If you must support negative exponents, then the above won’t suffice as ...**-42 has 42 match without ** preceding the digits. In that case an extra negative look-behind before the -? that disallows **- is needed:
r'(?<!\*\*)-?(?<!\*\*-)\b\d+\b(?!\*\*)'
(Thanks to Casimir eg Hippolyte for points my this out and suggesting a solution for it).

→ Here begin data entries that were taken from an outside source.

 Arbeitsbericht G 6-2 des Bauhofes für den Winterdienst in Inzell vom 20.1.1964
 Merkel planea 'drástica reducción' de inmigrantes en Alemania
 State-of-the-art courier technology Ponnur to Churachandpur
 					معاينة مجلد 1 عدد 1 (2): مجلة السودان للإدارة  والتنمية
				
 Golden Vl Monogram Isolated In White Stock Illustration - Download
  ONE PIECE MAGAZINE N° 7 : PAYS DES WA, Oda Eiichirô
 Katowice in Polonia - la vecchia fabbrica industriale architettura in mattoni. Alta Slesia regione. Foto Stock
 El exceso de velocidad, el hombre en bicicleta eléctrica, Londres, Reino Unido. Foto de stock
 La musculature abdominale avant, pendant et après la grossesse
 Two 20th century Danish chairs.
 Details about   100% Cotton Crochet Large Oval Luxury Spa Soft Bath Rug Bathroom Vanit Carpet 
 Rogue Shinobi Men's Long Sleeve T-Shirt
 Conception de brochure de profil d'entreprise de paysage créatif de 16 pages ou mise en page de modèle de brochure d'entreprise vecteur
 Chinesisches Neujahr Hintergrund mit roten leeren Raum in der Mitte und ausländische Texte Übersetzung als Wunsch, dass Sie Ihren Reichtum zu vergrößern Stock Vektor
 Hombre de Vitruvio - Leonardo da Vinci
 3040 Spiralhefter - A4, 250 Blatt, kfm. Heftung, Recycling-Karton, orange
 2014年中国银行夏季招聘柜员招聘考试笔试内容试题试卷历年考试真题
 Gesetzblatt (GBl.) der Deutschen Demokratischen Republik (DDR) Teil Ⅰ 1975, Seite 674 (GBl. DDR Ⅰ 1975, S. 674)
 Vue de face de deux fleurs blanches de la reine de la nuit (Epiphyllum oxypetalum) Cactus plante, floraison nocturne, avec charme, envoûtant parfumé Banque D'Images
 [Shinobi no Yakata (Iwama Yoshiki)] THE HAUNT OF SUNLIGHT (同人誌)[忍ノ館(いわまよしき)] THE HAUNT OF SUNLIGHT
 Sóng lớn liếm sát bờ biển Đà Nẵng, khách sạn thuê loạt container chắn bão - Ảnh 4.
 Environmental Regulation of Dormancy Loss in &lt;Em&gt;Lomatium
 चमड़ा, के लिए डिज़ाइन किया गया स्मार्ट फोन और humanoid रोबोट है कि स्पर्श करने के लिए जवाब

However, at this point I’d suggest you switch to just parsing the expression into an abstract syntax tree and then walking the tree to extract the operands that are not part of an exponent:
import ast
class NumberExtractor(ast.NodeVisitor):
def __init__(self):
self.reset()
def reset(self):
self.numbers = []
def _handle_number(self, node):
if isinstance(node, ast.Constant):
if isinstance(node.value, (int, float, complex)):
return node.value
elif isinstance(node, ast.Num):
return node.n
def visit_UnaryOp(self, node):
if isinstance(node.op, (ast.UAdd, ast.USub)):
operand = self._handle_number(node.operand)
if operand is None:
return
elif isinstance(node.op, UAdd):
self.numbers.append(+operand)
else:
self.numbers.add(-operand)
def visit_Constant(self, node):
if isinstance(node.value, (int, float, complex)):
self.numbers.append(node.value)
def visit_Num(self, node):
self.numbers.append(node.n)
def visit_BinOp(self, node):
if isinstance(node.op, ast.Pow):
return # ignore exponentiation
self.generic_visit(node) # process the rest
def extract(expression):
try:
tree = ast.parse(expression, mode='eval')
except SyntaxError:
return []
extractor = NumberExtractor()
extractor.visit(tree)
return extractor.numbers
This extracts just the numbers; subtraction won’t produce a negative number:
>>> input = "+2**5+3+4**8-7"
>>> extract(input)
[3, 7]
Moreover, it can handle arbitrary amounts of whitespace, and much more complex expressions than a regex could ever handle:
>>> extract("(10 + 15) * 41 ** (11 + 19 * 17) - 42")
[10, 15, 42]